A new person in the director’s chair is not the only change at the University of Illinois Extension office in Fayette County.
At an open house held last week to introduce Carl Baker as the new Unit 21 director, Baker talked about plans to improve the services offered to residents of Fayette County from that office.
Baker took over as the Unit 21 director, for the counties of Fayette, Effingham, Clay and Jasper, on Nov. 3, following the retirement of Rachelle Hollinshead.
Baker comes to Extension from the Red Cross, after serving as the executive director for the Decatur area for the past six years.
Prior to that, he was the Red Cross director of government and external relations for Illinois and Missouri.
He joined the Red Cross after 12 years as the director of government and regional medical programs for the Southern Illinois University School of Medicine.
Baker is a native of Oak Lawn, a southwest suburb of Chicago, but has lived in Central Illinois for 28 years. He now lives in Bethany.
He said that what attracted him to the Extension director position was the impact he could have in providing opportunities for youth.
“I’ve always had a fascination with doing things with kids,” he said, noting that he has served as the athletic director for a small youth baseball program and taught swimming.
“I saw this as a good way to get into not just the youth programs, which is the main focus, but also the other programs that the university offers,” Baker said.
Among the youth whom Baker will be serving as director is his daughter, who is currently in 4-H.
Baker will be based in Effingham, and at this time, he has no set schedule for the four offices in Unit 21. “That will be coming down the road,” he said.
And while Baker will not be in the Fayette County office, five days a week, other staff members will. Baker said that within the near future, the staffing of the office in Vandalia will be increased.
The staffing of the local office was cut back to Wednesday through Friday, with local employees working out of the Effingham office on Mondays and Tuesdays.
Soon, office support assistant Debbie Boley and SNAP-Ed (Supplemental Nutrition Assistance Program Education employee Jo Stine will be in the Vandalia office from 8 a.m.-4:30 p.m., he said.

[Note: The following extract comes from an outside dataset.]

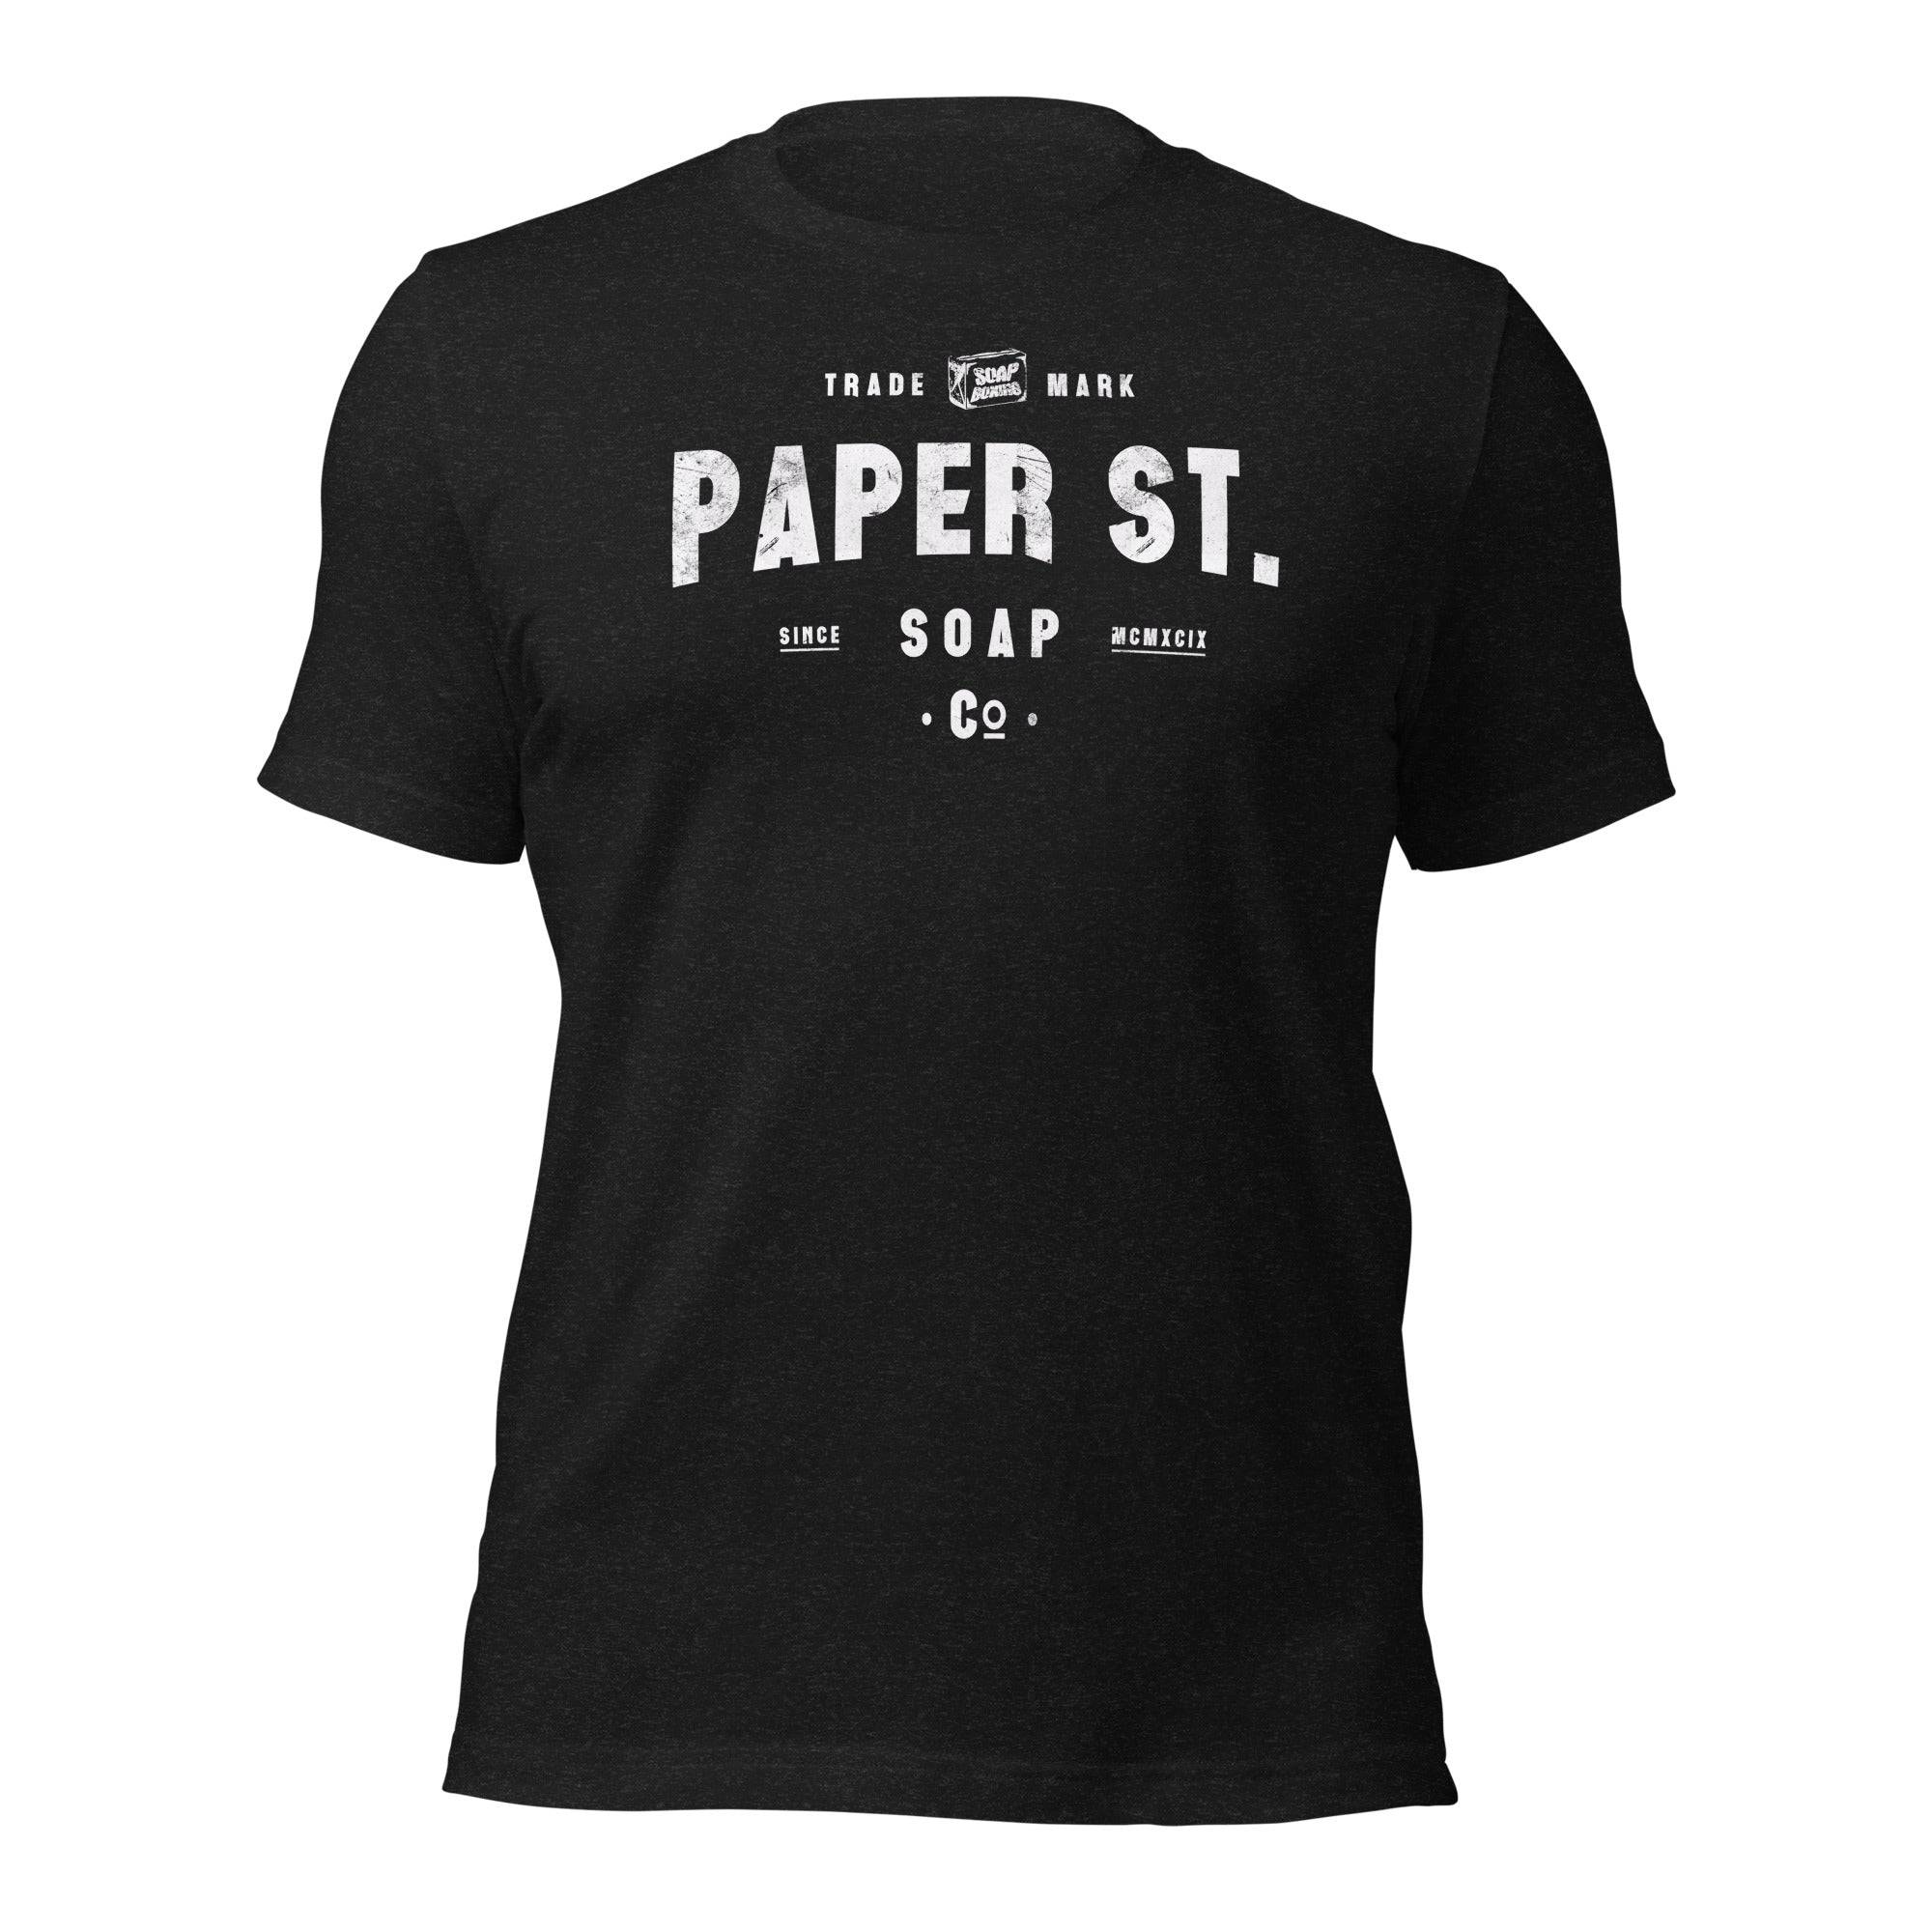 a black t - shirt that says paper st soap

Tabitha Welch, the Extension educator for 4-H and youth development for Unit 21, will continue to be in the Fayette County office two days a week.
“A lot of changes are coming,” Baker said. Those include the hiring of a new part-time employee in the local office, an educational program coordinator.
That new employee, Baker said, will work on enhancing programs for local youths.
“If the program continues to grow like we would like to see it grow, the incentive is to increase that job closer to a full-time position,” he said.
In the short time that he has been with Extension, Baker has been impressed with what he has seen.
“The staff is great – I couldn’t have asked for a better staff,” he said.
“And the people (in Unit 21) have been very receptive to me, and they like some of the ideas we have going forward.
“One of the questions that I have asked as I have meet with boards and committees is, ‘Where were we, were are we now and where are we going?’
“That’s kind of a big push – we want to see the programs grow,” Baker said.
He’s excited about meeting and hearing from people in the four-county region.
“We want to hear what else the community wants, and if it’s something that we can do or provide, we want to see what we can do to make sure of those happen,” Baker said.
“We’re seeing some growth (in Extension),” he said. “Extension has been around for 100 years, and we want to show the people the commitment we have to the communities that we serve, let them know that we are going to be here and grow our programs.”